Comment 190 for bug 1690085

Revision history for this message
In , sfearghail (sfearghail-linux-kernel-bugs) wrote :

Just to add more as I've been following along ever since this 1st happened to me about 6 days ago. To preface I am running Debian 9 with 4.13 kernel from backports. I went several days after upgrade from 4.12 with a very idle Ryzen 1700 and didn't have any issues. I did have 2 qemu-kvm VM's running, and they are also mostly idle. I encountered the soft lock CPU bug out of the blue on the Nov 15th while not doing anything interactive with the system.

I'm now running 6 VM's on this system as it was a replacement for an old Intel system. I simply cannot have this thing crashing on me unattended, especially while I am remote.

Here are the measures I took, and frankly I don't really know if it's going to prevent this as the system simply hasn't been up long enough.

Board: Gigabyte GA-AB350-GAMING 3
Bios version: F7

Disabled Global C-State Control in bios. The manual also says there should be a C6 Mode in bios, however it simply doesn't exist.

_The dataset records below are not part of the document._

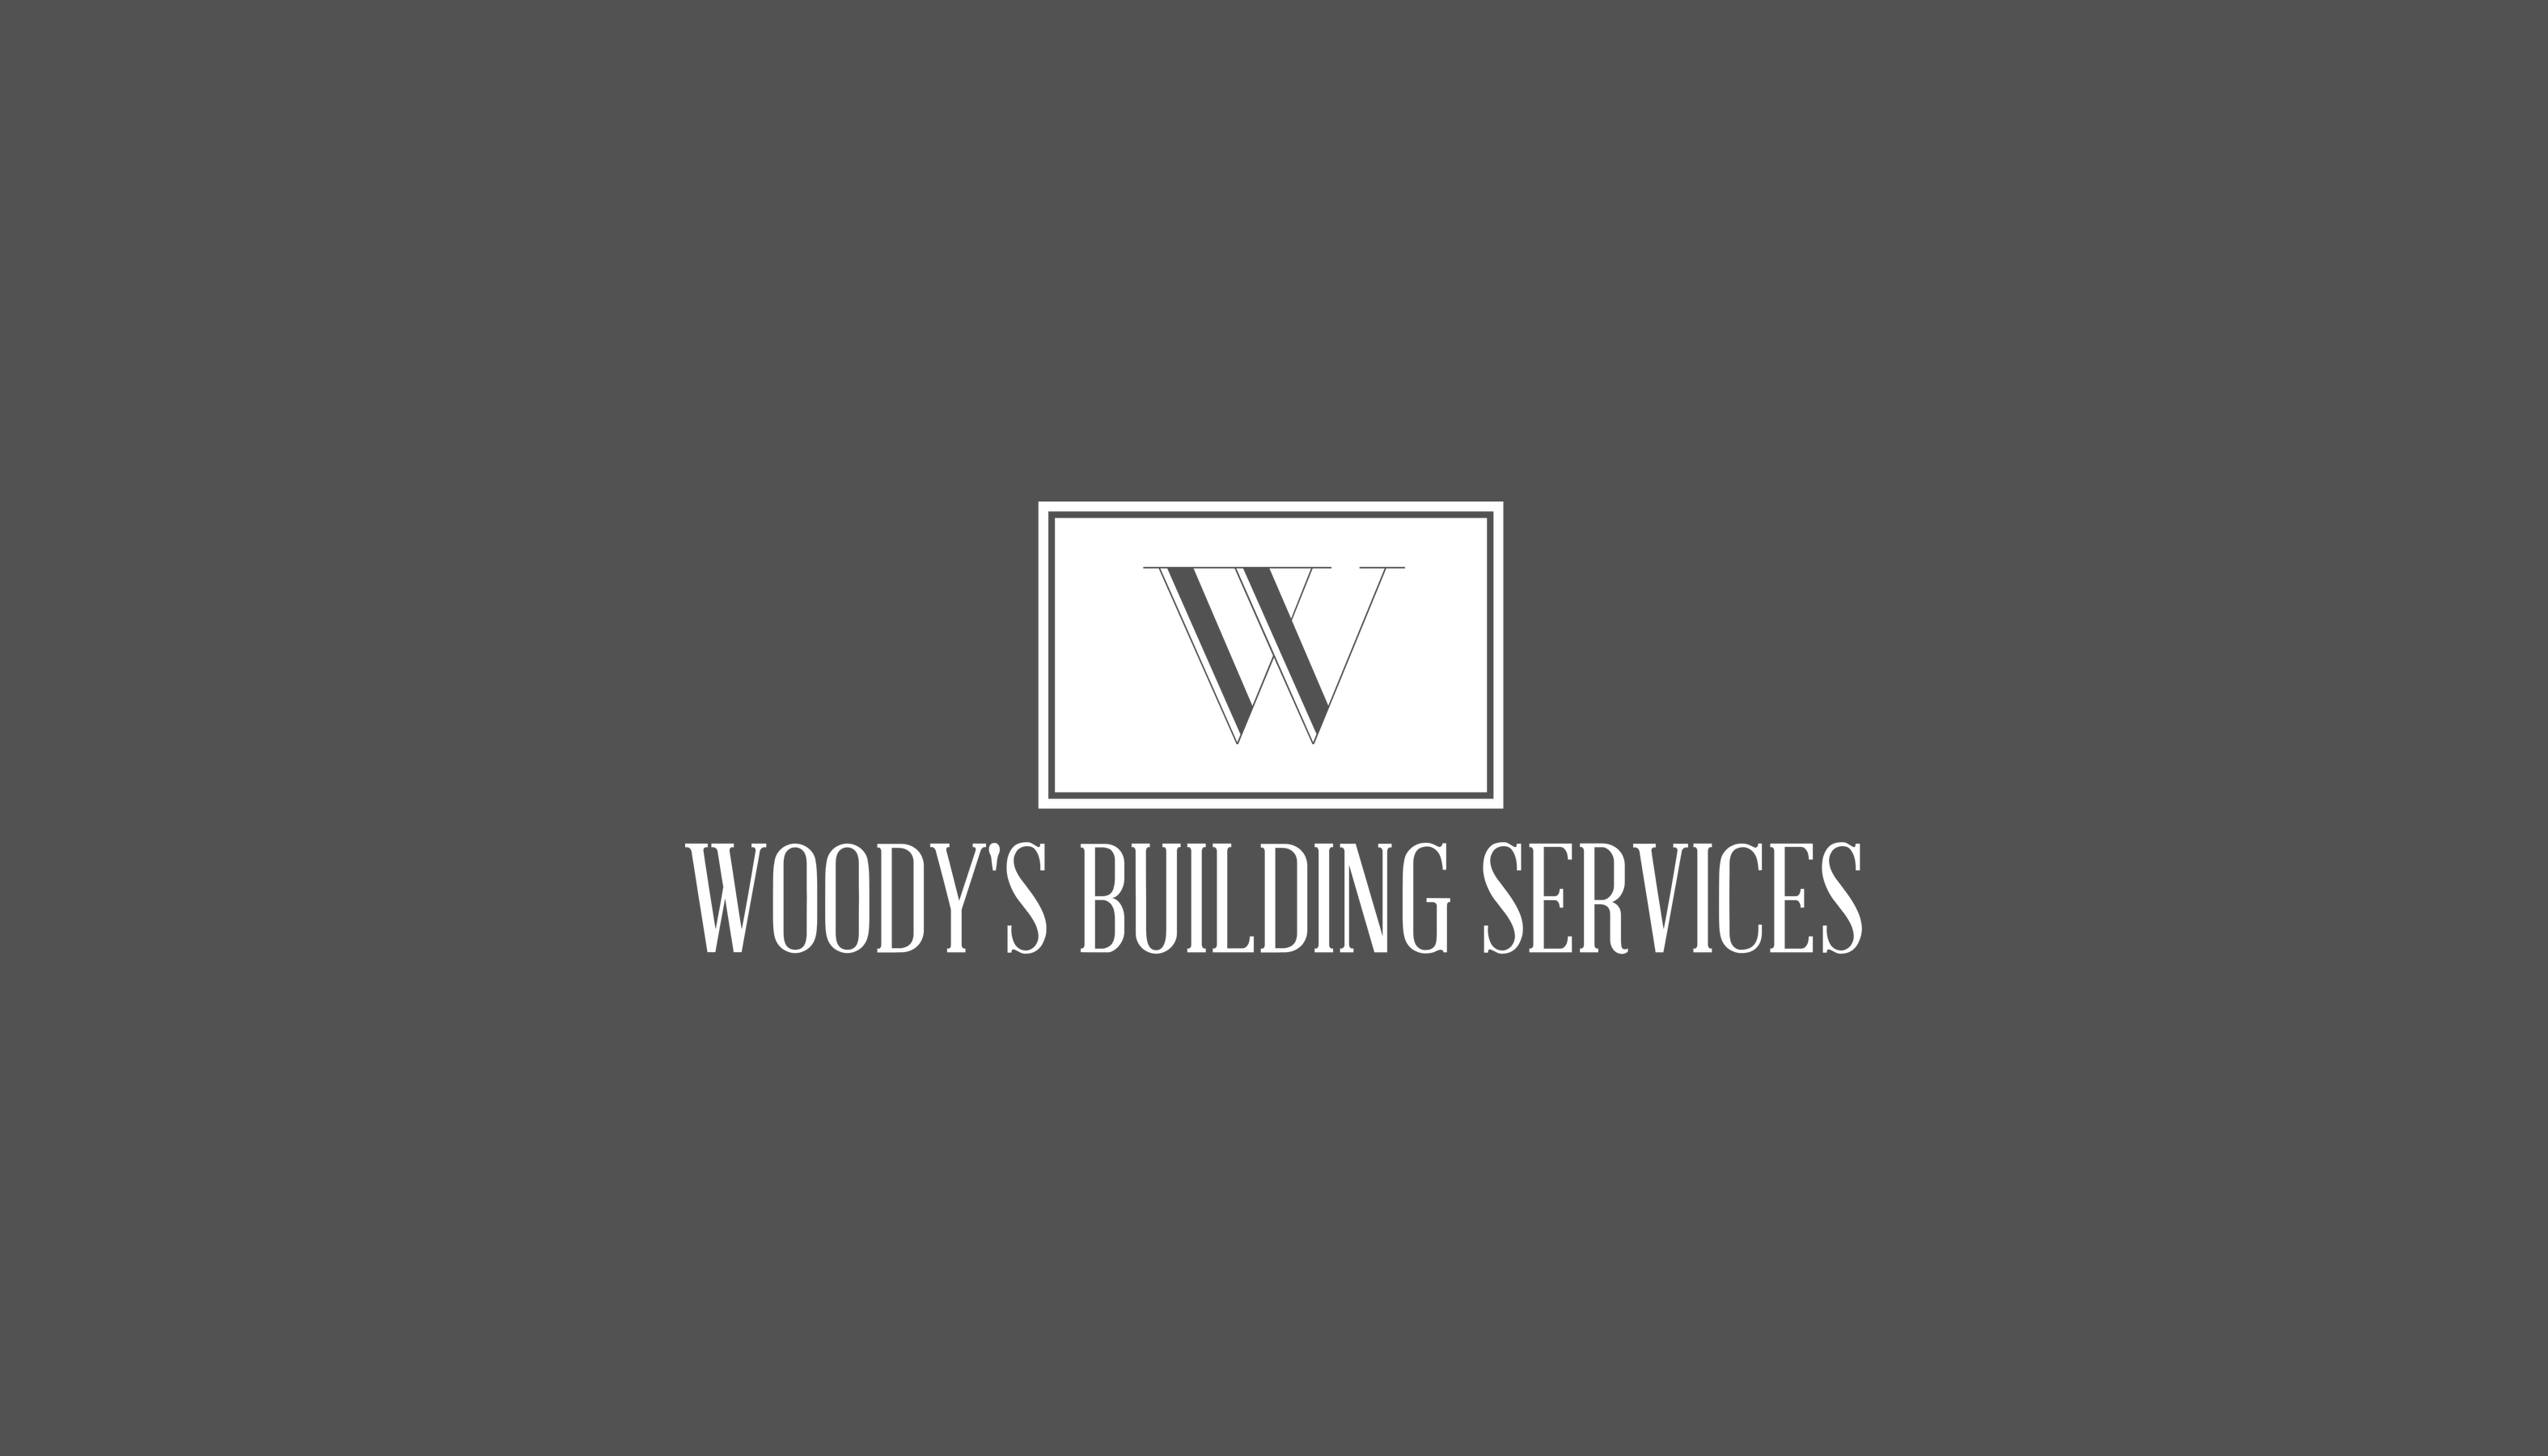 Woody's Building Services Ltd Verified Logo
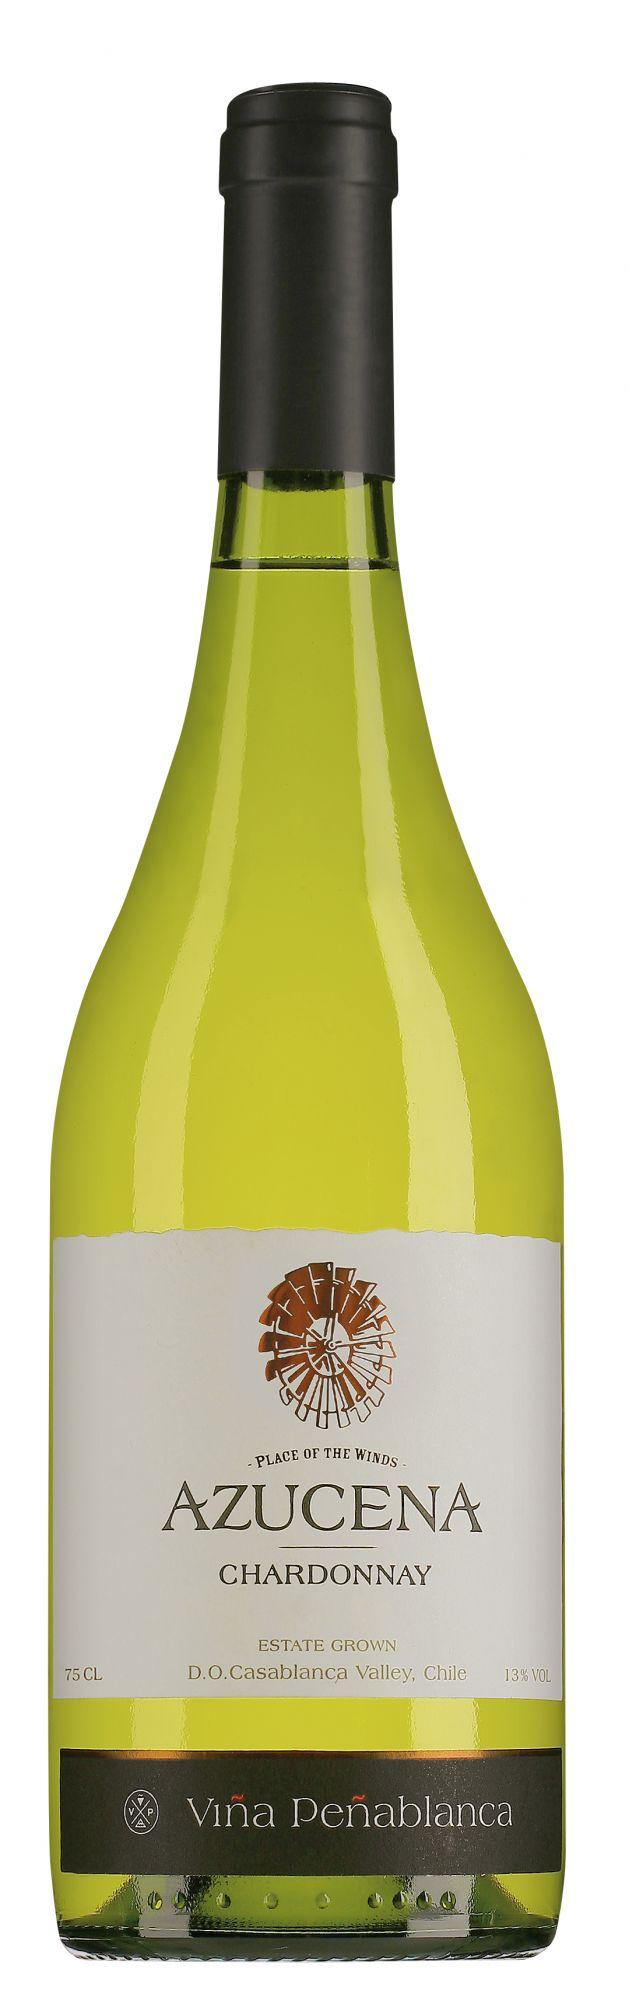 Viña Peñablanca Azucena Coastal Chardonnay
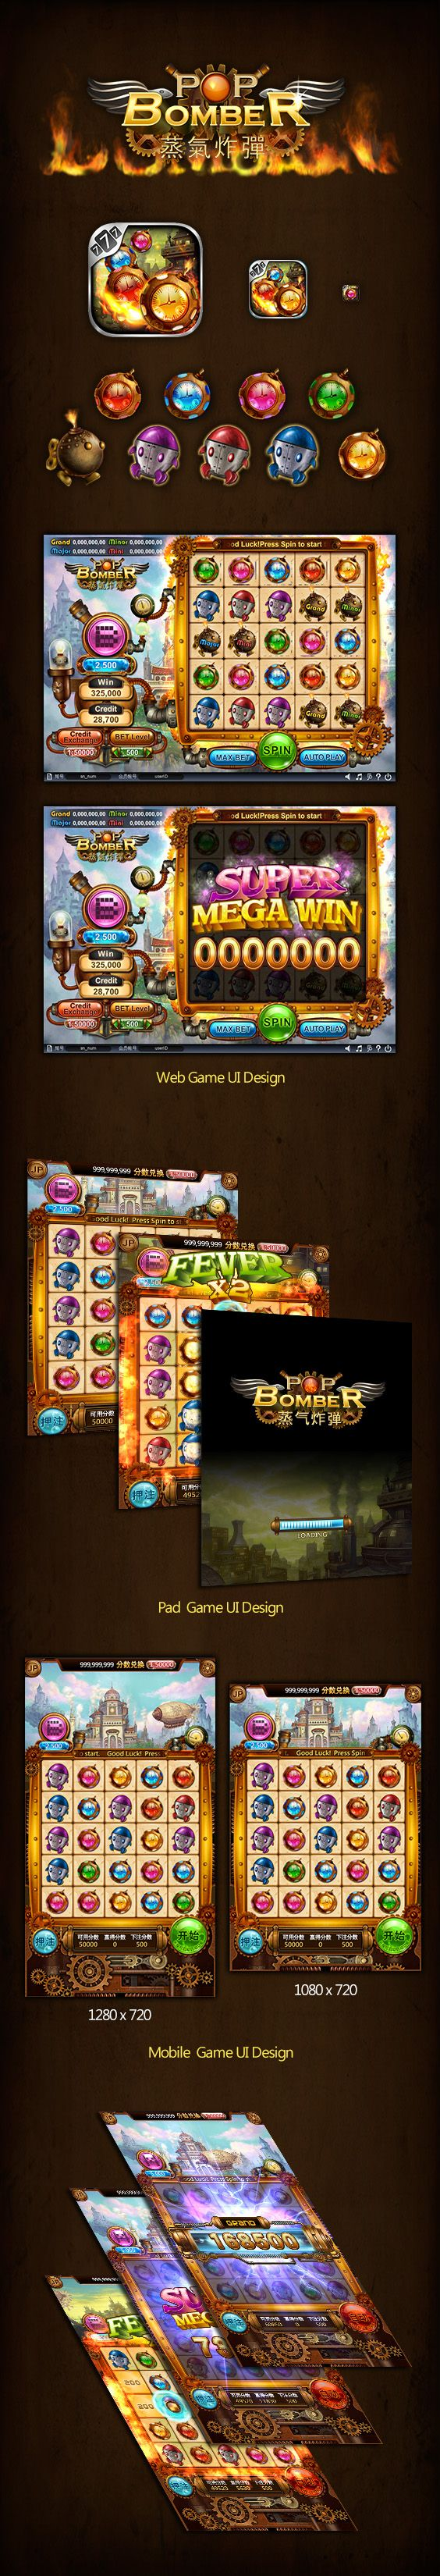 Game ui / Steampunk / Bomber Design #Web #App

Disabled AMD Cool&Quiet in bios.

Further issued a disable of C6 via the zenstate.py script upon boot up in systemd as I wasn't certain what the difference is between Package and Core.

# zenstates.py -l
P0 - Enabled - FID = 78 - DID = 8 - VID = 3A - Ratio = 30.00 - vCore = 1.18750
P1 - Enabled - FID = 87 - DID = A - VID = 50 - Ratio = 27.00 - vCore = 1.05000
P2 - Enabled - FID = 7C - DID = 10 - VID = 6C - Ratio = 15.50 - vCore = 0.87500
P3 - Disabled
P4 - Disabled
P5 - Disabled
P6 - Disabled
P7 - Disabled
C6 State - Package - Disabled
C6 State - Core - Disabled

Question for clarification. Does CONFIG_RCU_NOCB_CPU need to be set to yes in kernel to be able to use the boot parameter? I get the impression that the boot parameter doesn't actually do anything unless kernel option is configured.